The substitute passed by voice vote in the House on January 19, 2010
Referred to the House Rules Committee on January 21, 2010
Amendment offered by Rep. Brendan Williams, (D-Olympia) (D) on February 14, 2010
To modify the definition of "merchant" by changing the defined word from "merchant" to "business." Definitions of "encrypted," "financial institution," and "vendor" are added. A provision that stated that the business, processor, or vendor is not liable if they comply with any applicable information security standard is modified. The protection from liability now occurs if the business, processor, or vendor has complied with standards adopted by the Payment Card Industry Security Council. Compliance is established if the business, processor, or vendor is completely validated on all components of security at an annual security assessment that occurred within twelve months of a breach of security. A provision that limited damages to all reasonable costs incurred to mitigate any possible damages to account holders is removed. A provision is added that limits damages to only reasonable costs related to the issuance of new access devices to persons who reside in the state. A provision is added that holds the vendor only liable to a financial institution if the claim is not foreclosed by another law or by a contract of the financial institution. A vendor is only liable to the degree that the damages are proximately caused and liability is allowed under law and under contract of the financial institution.
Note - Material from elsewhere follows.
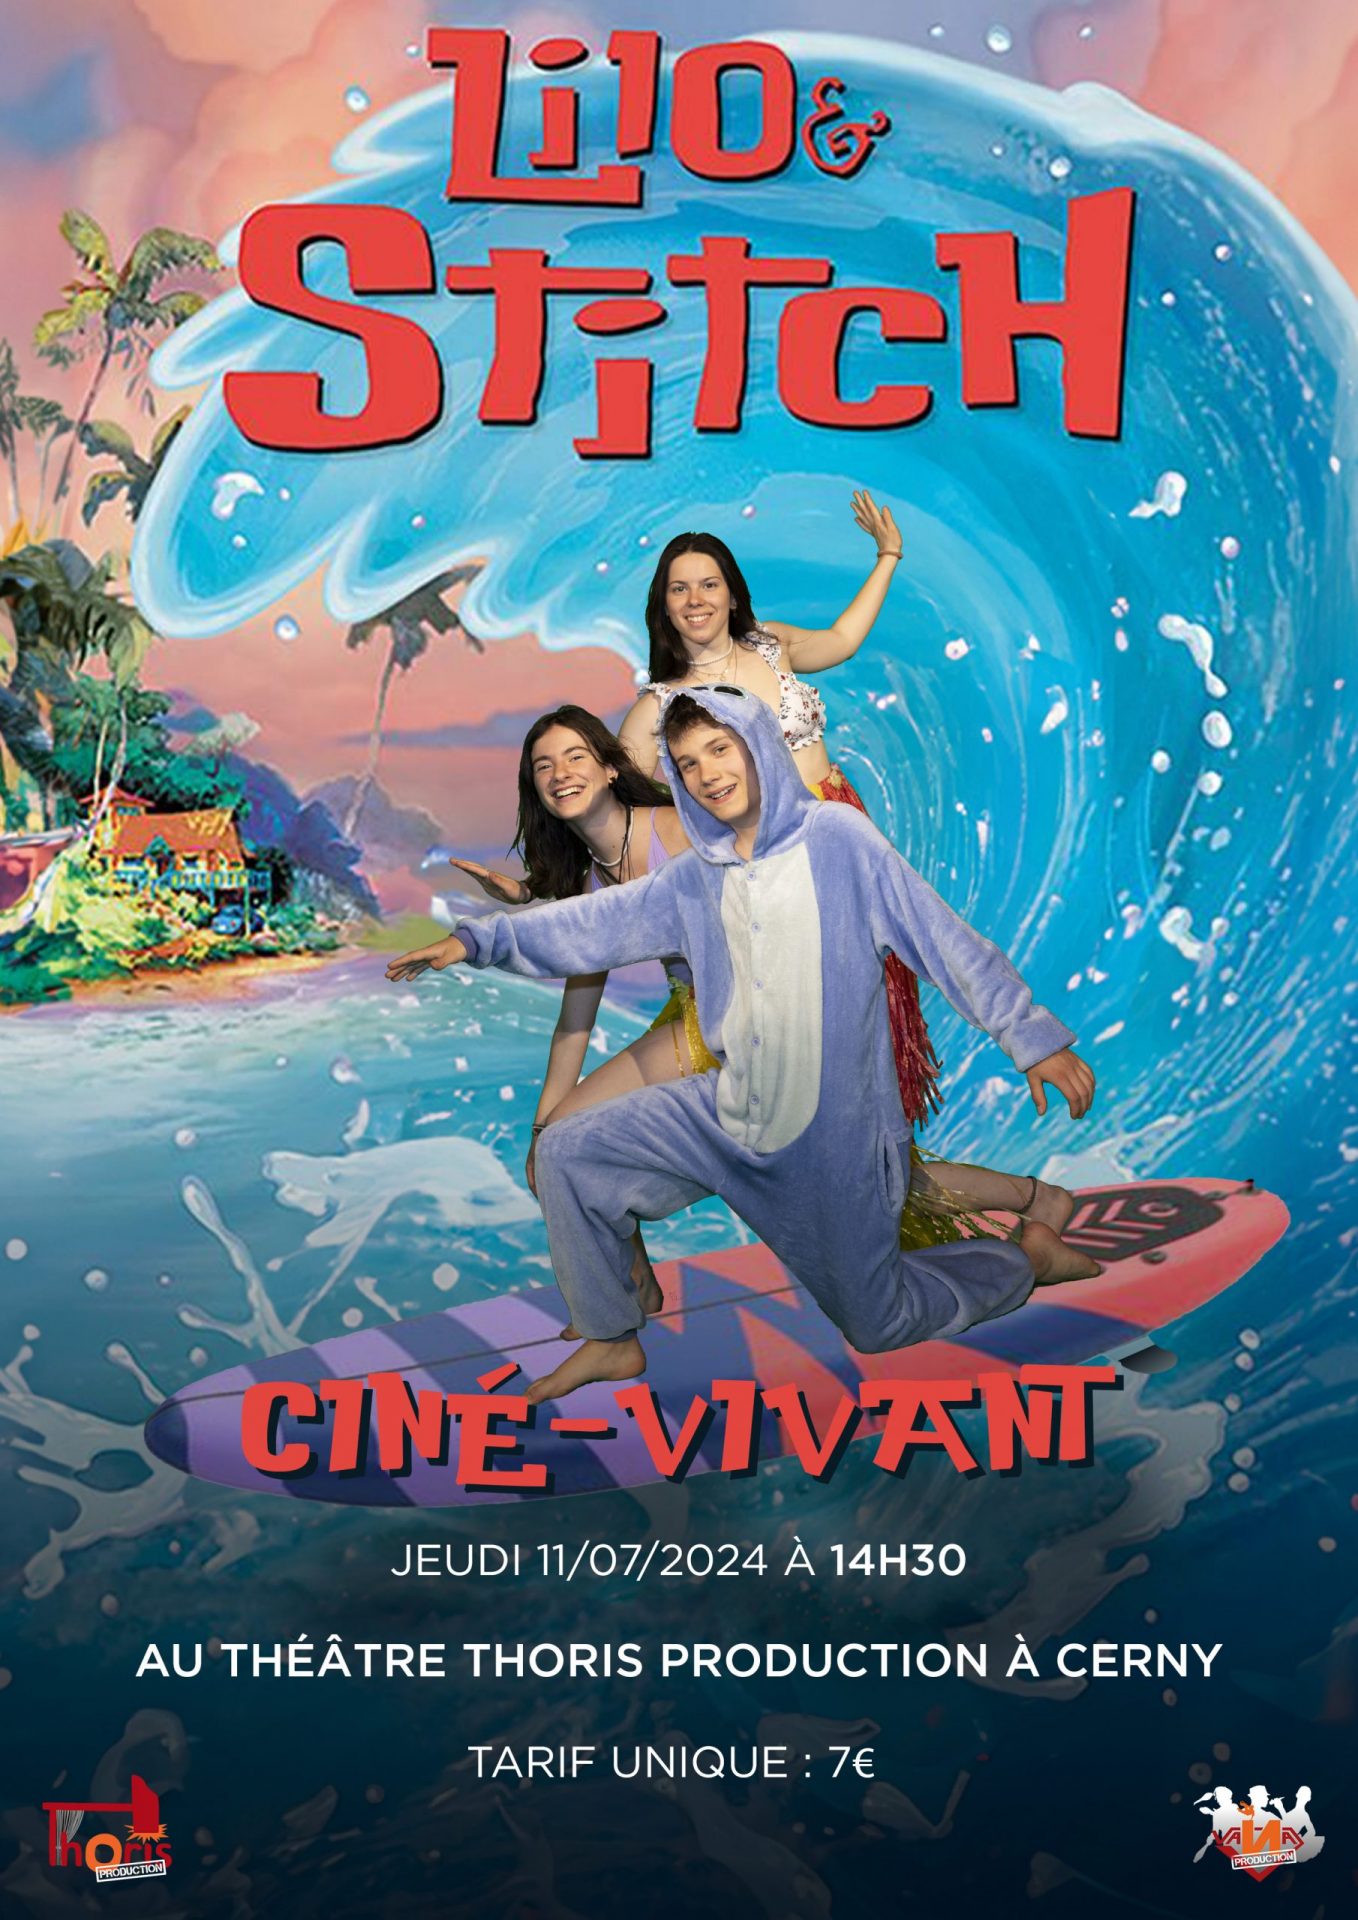 CINÉ-VIVANT : Lilo & Stitch (Jeudi)

A trier of fact may reduce any award by any amount recovered already recovered by a financial institution from a credit card company for the breach. Language and clarifying changes are also made.
The amendment passed by voice vote in the House on February 14, 2010
Modifies the state security breach law and provides a cause of action for a financial institution if account information is compromised by a lack of reasonable care by a business, processor, or vendor.
Received in the Senate on February 16, 2010
Referred to the Senate Labor, Commerce & Consumer Protection Committee on February 16, 2010
Amendment offered in the Senate on February 26, 2010
To provide that businesses that process more than six million credit and debit card transactions are liable to a financial institution for a failure to exercise reasonable care through encryption of account information if they are proximate cause of a breach of security. Vendors are liable to a financial institution to the extent that the damages are due to a defect in the vendor's software or equipment related to the encryption. A claim against a vendor may be limited or forestalled by another provision of law or by a contract with the financial institution.
The amendment passed by voice vote in the Senate on February 26, 2010
Referred to the Senate Rules Committee on February 26, 2010
Received in the House on March 6, 2010
Modifies the state security breach law. Provides a cause of action for a financial institution if account information is compromised by a lack of reasonable care by a business, processor, or vendor.
Signed by Gov. Christine Gregoire on March 22, 2010
Modifies the state security breach law. Provides a cause of action for a financial institution if account information is compromised by a lack of reasonable care by a business, processor, or vendor.